*About this exercise*.
A word-for-word copy of the listing is what's needed; leave out every image.

*Supplied information*.
====

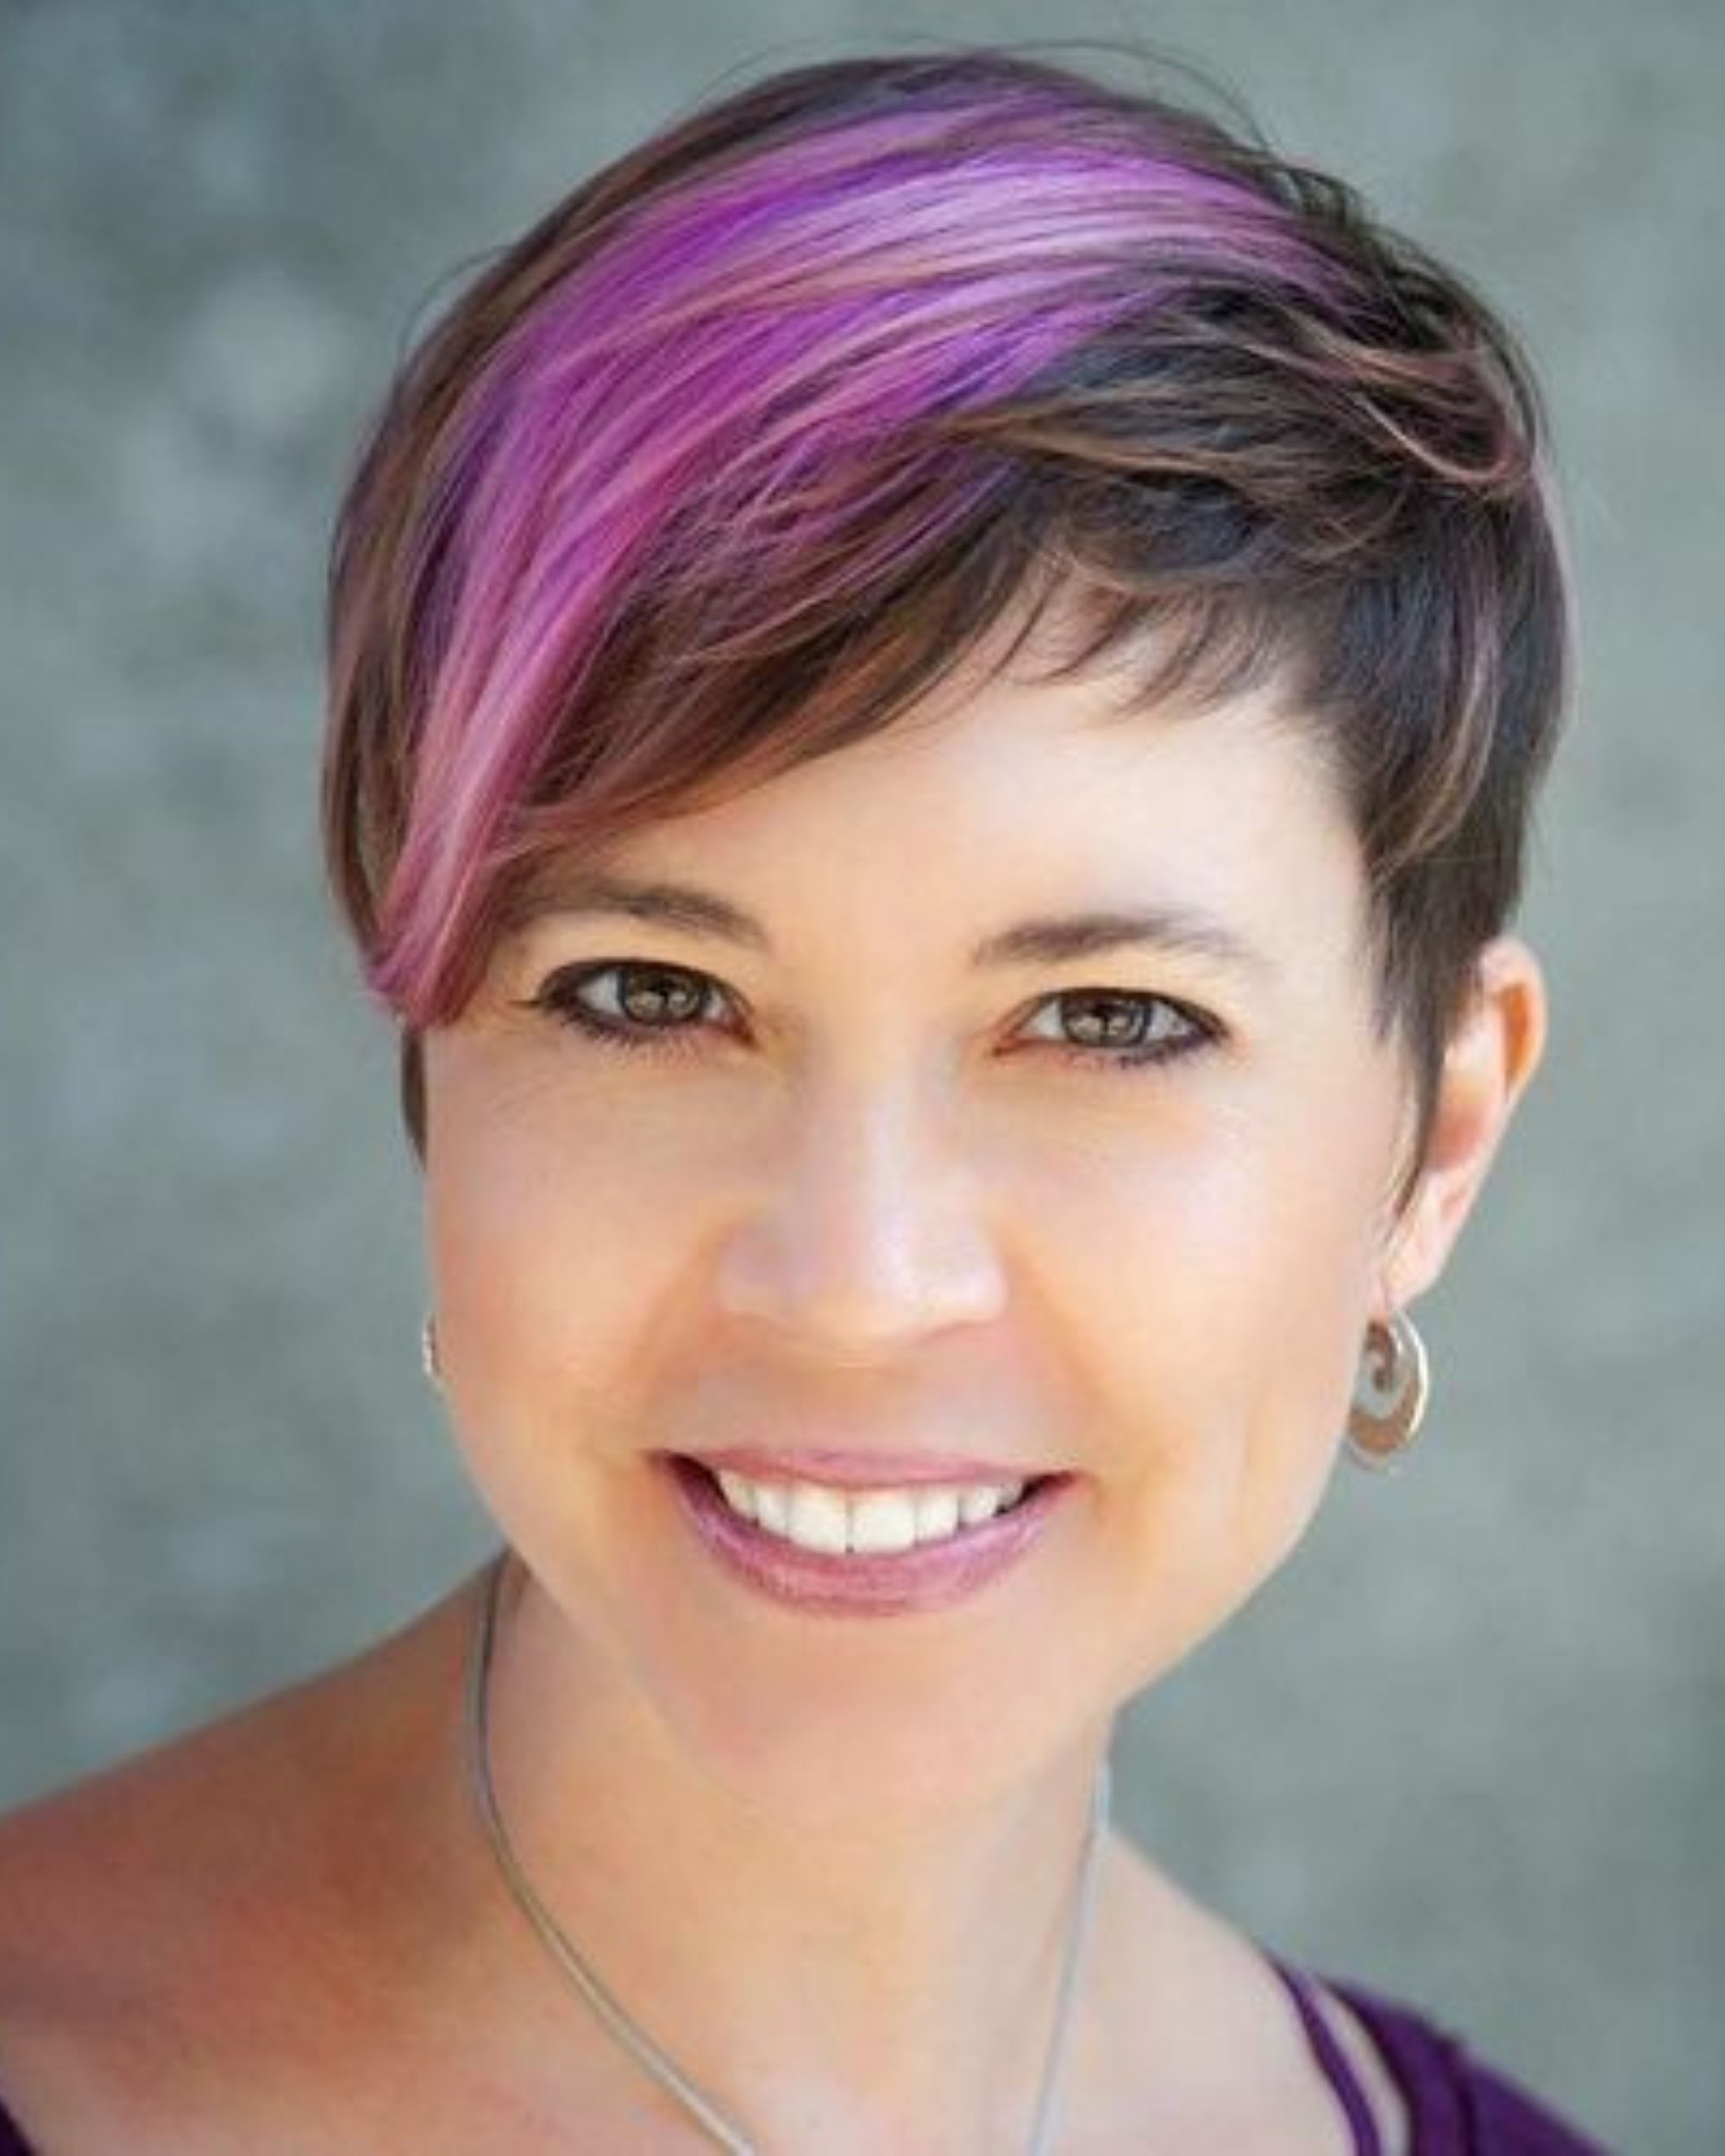 chubby face double chin pixie cut short hairstyles
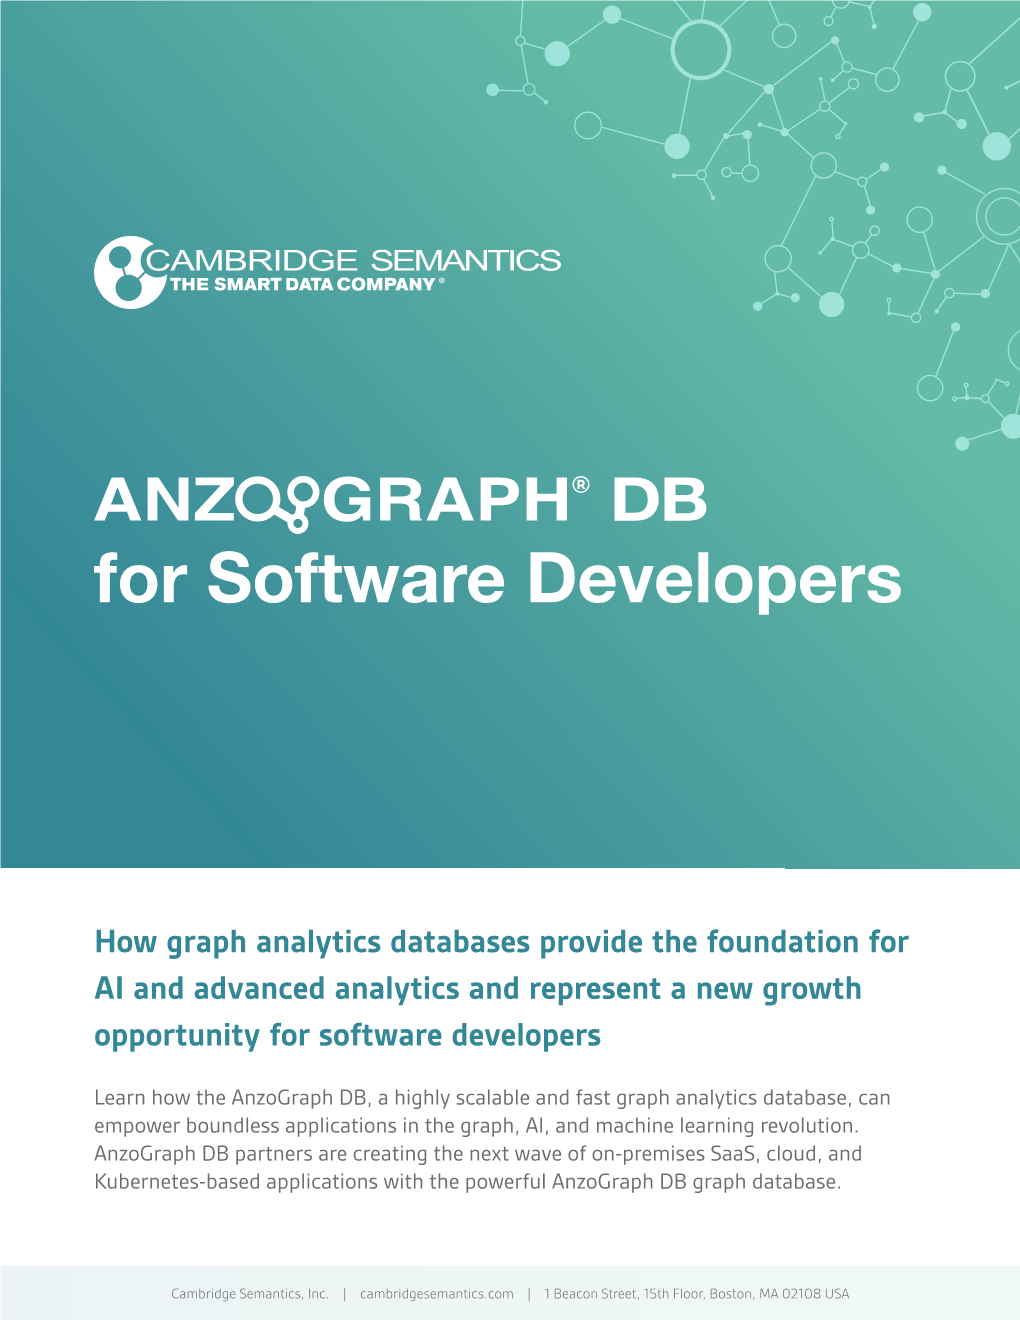 Anzograph DB for Software Developers
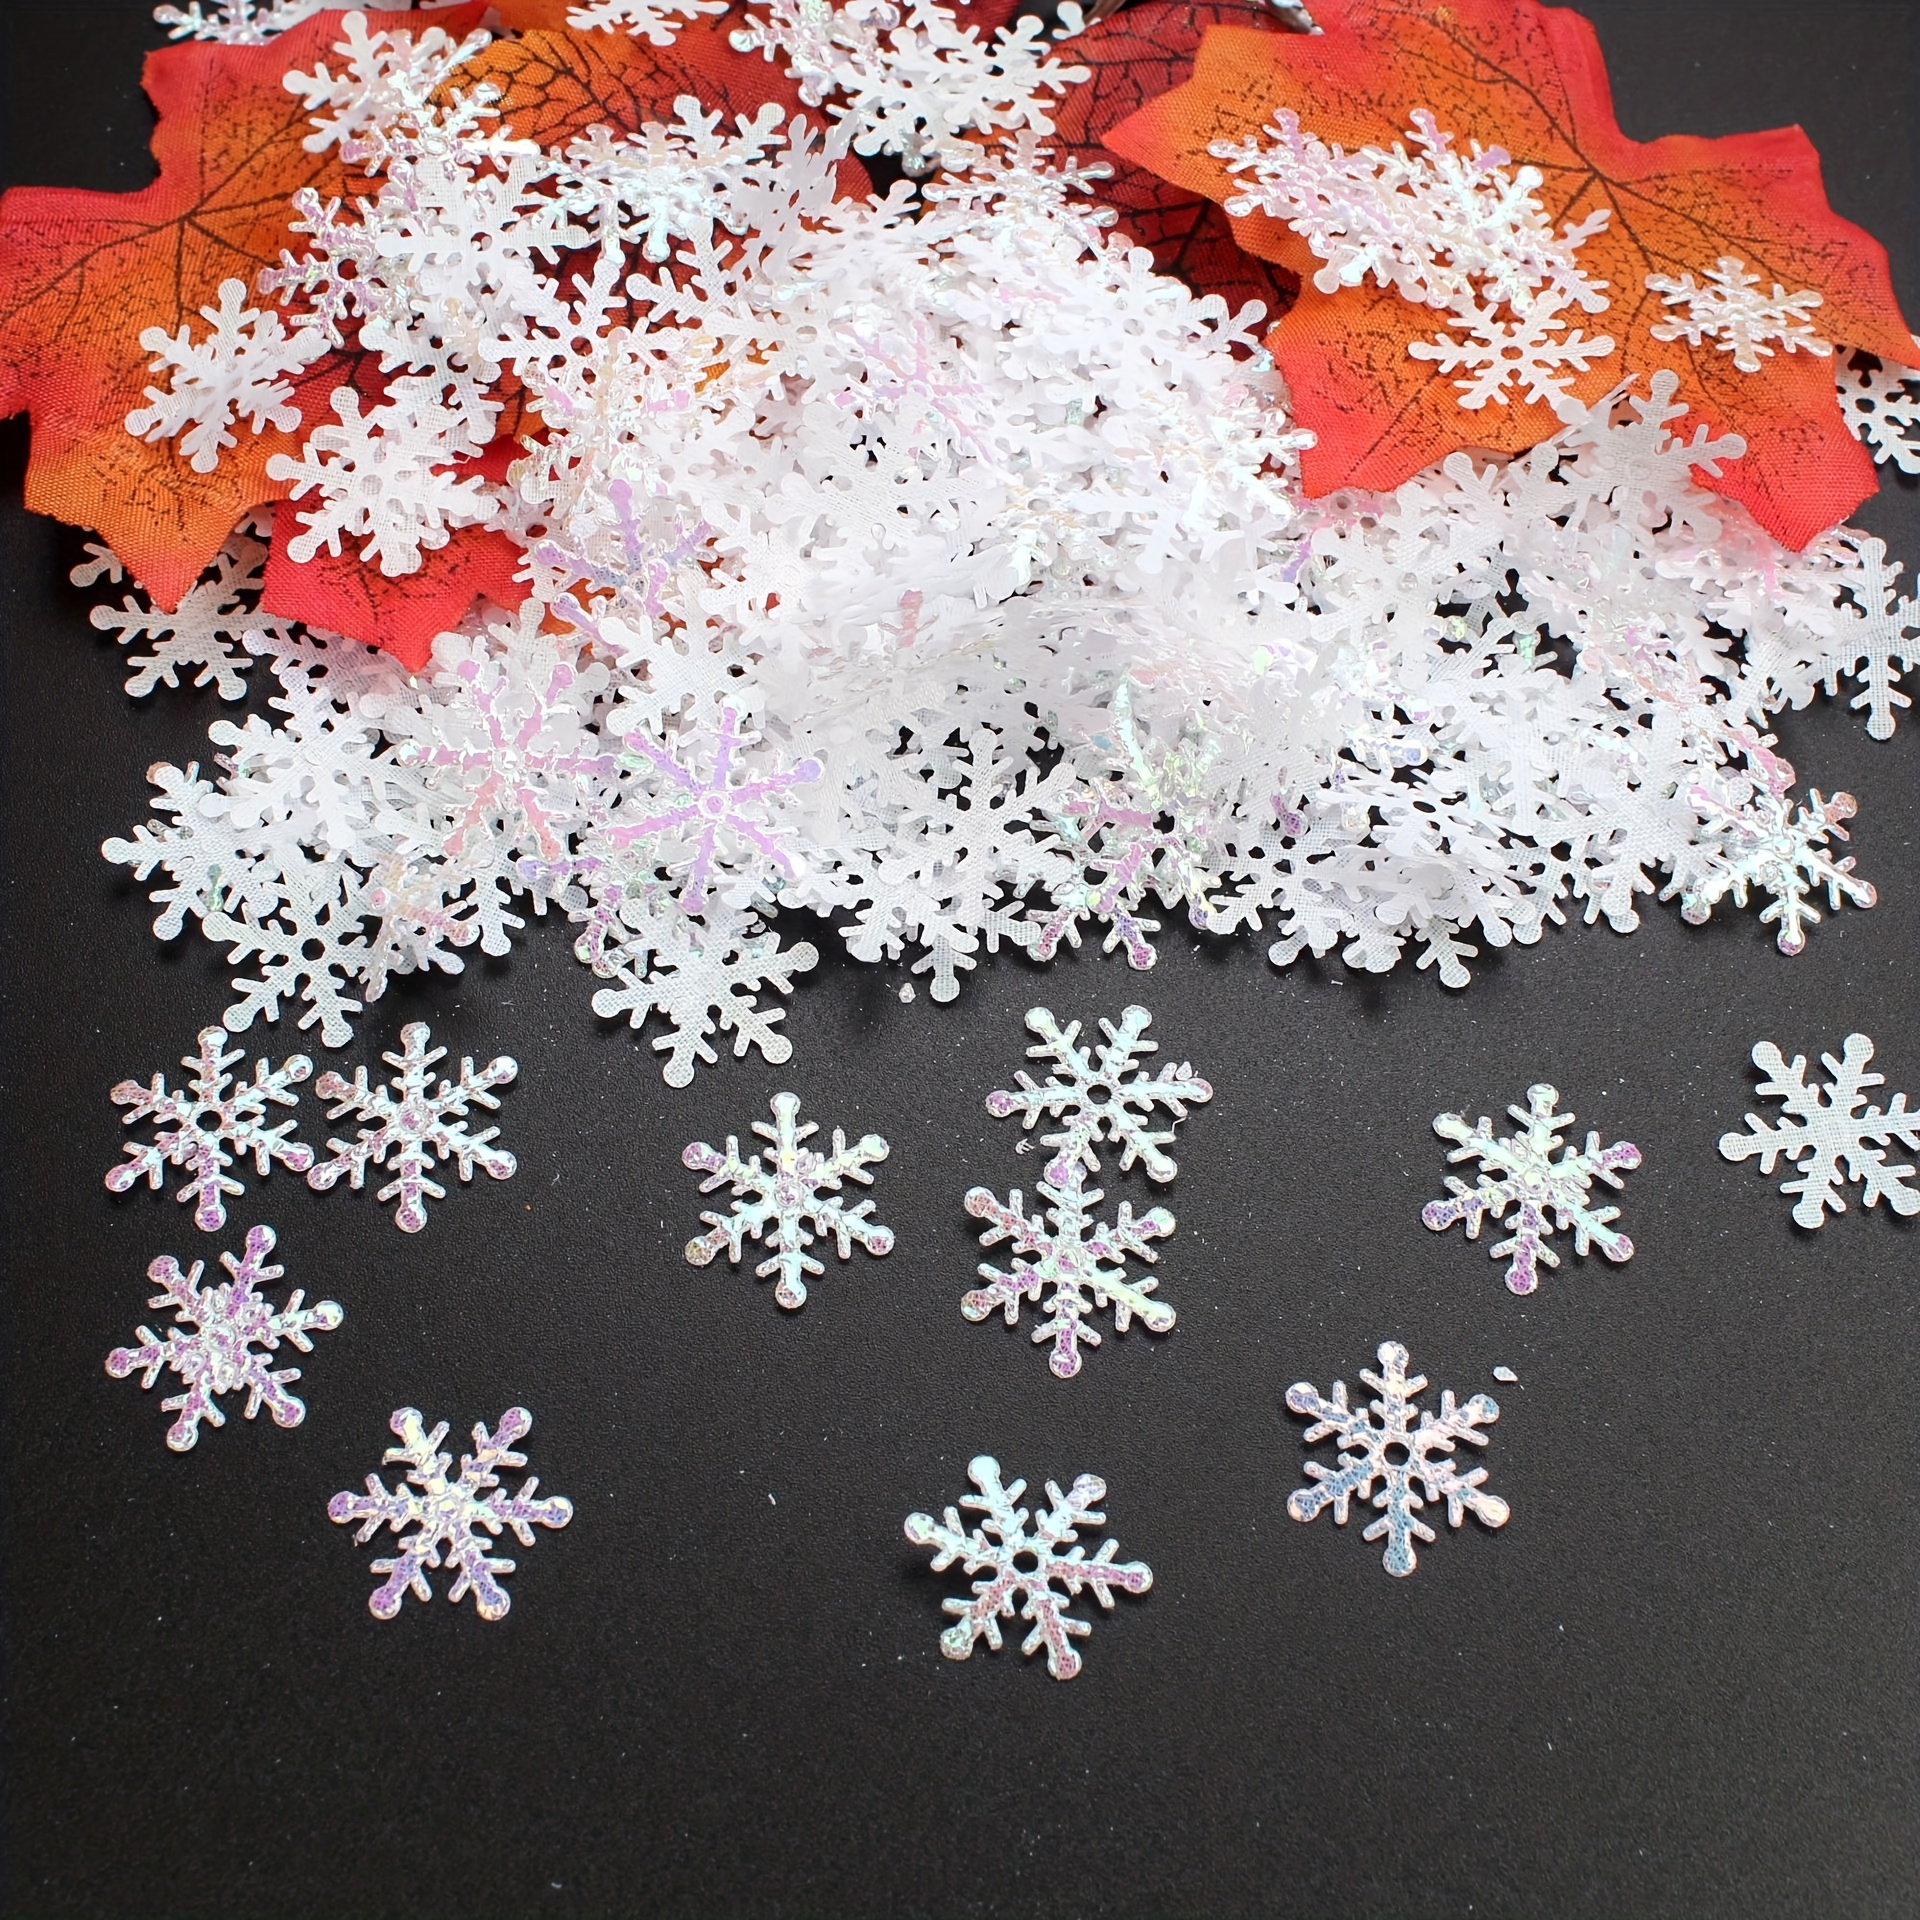 wexpw 400 Pieces Christmas Snowflake Confetti 3 Shapes Christmas

====

*Solution for this problem*.
 chubby face double chin pixie cut short hairstyles
 Anzograph DB for Software Developers
 wexpw 400 Pieces Christmas Snowflake Confetti 3 Shapes Christmas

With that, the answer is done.